## Work instruction
Only the number is needed: how many lines in the entries below contain the string "Leather"?

[Saved data entries]
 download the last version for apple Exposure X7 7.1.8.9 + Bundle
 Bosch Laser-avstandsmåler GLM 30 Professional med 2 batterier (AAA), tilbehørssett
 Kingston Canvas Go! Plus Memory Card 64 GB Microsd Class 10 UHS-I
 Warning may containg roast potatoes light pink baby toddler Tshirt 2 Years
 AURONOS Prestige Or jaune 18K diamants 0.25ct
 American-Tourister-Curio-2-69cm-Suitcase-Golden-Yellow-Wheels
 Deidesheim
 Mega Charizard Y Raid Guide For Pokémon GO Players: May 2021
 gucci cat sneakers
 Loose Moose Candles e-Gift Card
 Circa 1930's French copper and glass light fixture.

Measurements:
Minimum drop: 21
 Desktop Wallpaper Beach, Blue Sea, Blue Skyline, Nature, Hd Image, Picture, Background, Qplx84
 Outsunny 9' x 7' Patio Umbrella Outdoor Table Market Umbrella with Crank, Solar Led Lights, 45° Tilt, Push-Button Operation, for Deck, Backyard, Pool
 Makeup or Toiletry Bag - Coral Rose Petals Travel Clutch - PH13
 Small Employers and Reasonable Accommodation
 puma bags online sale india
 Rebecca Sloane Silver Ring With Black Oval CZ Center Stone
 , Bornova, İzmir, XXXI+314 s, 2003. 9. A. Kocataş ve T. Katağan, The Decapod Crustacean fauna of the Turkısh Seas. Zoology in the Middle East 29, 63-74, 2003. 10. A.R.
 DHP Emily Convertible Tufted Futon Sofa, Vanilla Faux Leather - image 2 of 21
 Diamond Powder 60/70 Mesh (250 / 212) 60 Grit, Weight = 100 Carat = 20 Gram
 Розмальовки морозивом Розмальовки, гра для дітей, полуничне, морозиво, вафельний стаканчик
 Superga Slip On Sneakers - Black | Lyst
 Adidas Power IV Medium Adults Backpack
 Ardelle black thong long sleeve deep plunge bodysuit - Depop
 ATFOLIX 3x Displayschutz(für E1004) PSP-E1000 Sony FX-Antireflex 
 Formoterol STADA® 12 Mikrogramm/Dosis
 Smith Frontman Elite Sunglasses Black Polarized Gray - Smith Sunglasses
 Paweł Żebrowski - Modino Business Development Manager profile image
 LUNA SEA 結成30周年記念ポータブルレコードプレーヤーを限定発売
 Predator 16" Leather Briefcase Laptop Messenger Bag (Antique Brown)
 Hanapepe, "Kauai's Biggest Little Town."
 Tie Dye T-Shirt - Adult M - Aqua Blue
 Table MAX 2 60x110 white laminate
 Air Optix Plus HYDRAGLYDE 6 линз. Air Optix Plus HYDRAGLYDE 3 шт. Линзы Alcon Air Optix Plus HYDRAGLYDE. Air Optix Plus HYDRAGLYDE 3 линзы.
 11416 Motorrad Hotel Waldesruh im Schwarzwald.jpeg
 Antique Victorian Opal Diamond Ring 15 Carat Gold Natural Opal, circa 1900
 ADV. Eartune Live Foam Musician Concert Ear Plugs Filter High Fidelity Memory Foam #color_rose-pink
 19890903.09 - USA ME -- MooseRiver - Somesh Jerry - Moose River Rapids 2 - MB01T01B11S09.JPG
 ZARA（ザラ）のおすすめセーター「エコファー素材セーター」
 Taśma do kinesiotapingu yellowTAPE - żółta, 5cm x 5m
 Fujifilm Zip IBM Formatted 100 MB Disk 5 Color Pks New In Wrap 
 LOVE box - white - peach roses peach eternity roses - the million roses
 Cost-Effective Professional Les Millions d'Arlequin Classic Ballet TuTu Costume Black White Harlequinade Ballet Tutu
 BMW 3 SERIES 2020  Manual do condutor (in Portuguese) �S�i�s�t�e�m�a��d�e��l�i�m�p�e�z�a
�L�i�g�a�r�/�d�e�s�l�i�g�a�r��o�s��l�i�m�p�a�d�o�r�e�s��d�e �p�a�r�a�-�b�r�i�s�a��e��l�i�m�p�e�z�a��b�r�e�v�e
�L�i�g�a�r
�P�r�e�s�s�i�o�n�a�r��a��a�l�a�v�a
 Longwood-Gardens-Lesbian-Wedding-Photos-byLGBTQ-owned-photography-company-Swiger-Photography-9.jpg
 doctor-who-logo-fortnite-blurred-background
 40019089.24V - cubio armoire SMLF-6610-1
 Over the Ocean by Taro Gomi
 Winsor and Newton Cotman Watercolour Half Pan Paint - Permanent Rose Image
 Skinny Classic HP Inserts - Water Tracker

## Task response
2